Application of infrared spectroscopy for rapid prediction of crude protein content in cowpea (Vigna unguiculata ) grain
Cowpea is a staple grain legume widely cultivated in Africa, playing key roles in the region as a food crop for the people and as an important cash income source for farmers. In addition to ongoing efforts toward improving crop productivity and insect-pest resistance, focus is also being placed on enhancing the grain quality and nutritional value of crops with multiple roles, especially cowpea, which serves as the primary source of protein in the region. Protein content is one of the most important grain quality traits, and significant protein content in grains can have a major impact on the livelihoods of people in the region. In this work, we focused on the crude protein content of grain as a primary nutritional property, and we developed a suitable prediction method that can be used in the breeding process and in evaluating environmental effects.
A total of 919 ground grain samples from 224 lines covering the genetic diversity in grain nitrogen content of the crop were used for the development of a calibration model to predict nitrogen content (Fig. 1). The developed infrared spectroscopy model using the actual nitrogen content obtained by the Dumas combustion method and the near-infrared (4000-4985cm-1) and mid-infrared (1400-2290 cm-1) spectroscopy obtained by Fourier Transform Infrared Spectrometer had reasonable accuracy (R2 = 0.91). The model also predicted the nitrogen contents of the grain samples grown in three agro-ecological zones across major cowpea-growing areas in West Africa with acceptable accuracy (R2 = 0.90-0.92) (Fig. 2 and Table 1). Obtained nitrogen contents can be accurately converted to crude protein content using a nitrogen-to-protein conversion factor of 5.45 developed for cowpea based on the relationship between amino acid composition and nitrogen content using 20 selected cowpea lines (Fig. 3). The developed method using infrared spectroscopy can predict crude protein content in cowpea grain in a time-effective manner (approx. 100 sec./sample) compared to the standard Dumas convection method (approx. 870 sec./ sample) including the time for sample loading.

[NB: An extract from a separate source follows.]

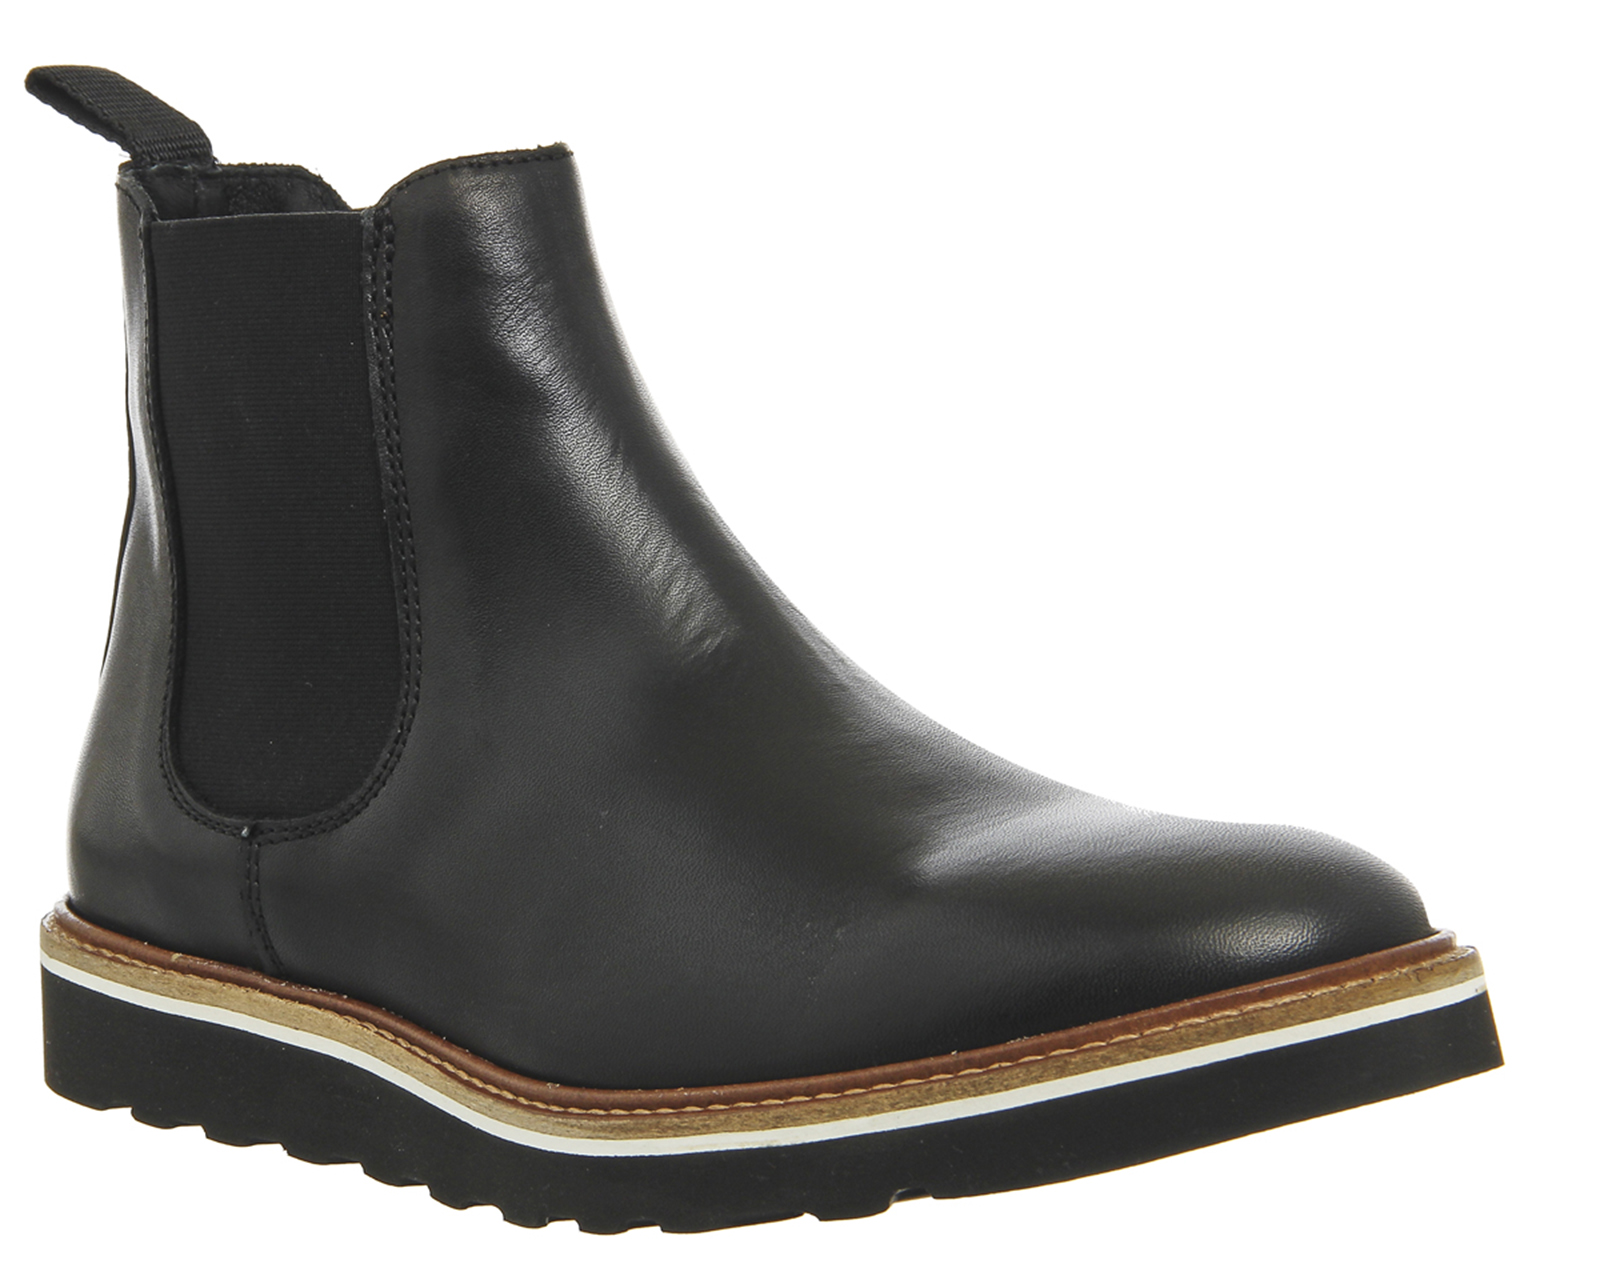 mens black wedge sole boots

The method’s cost- and time-effectiveness should enable cowpea breeders in West Africa to select potential parental materials and conduct effective breeding with a focus on grain protein content. Also, the method provides useful tools for field agronomic studies, which in turn should help us understand the environmental effects on grain protein content and allow further development of suitable cultivation techniques to produce quality cowpea grains in each region.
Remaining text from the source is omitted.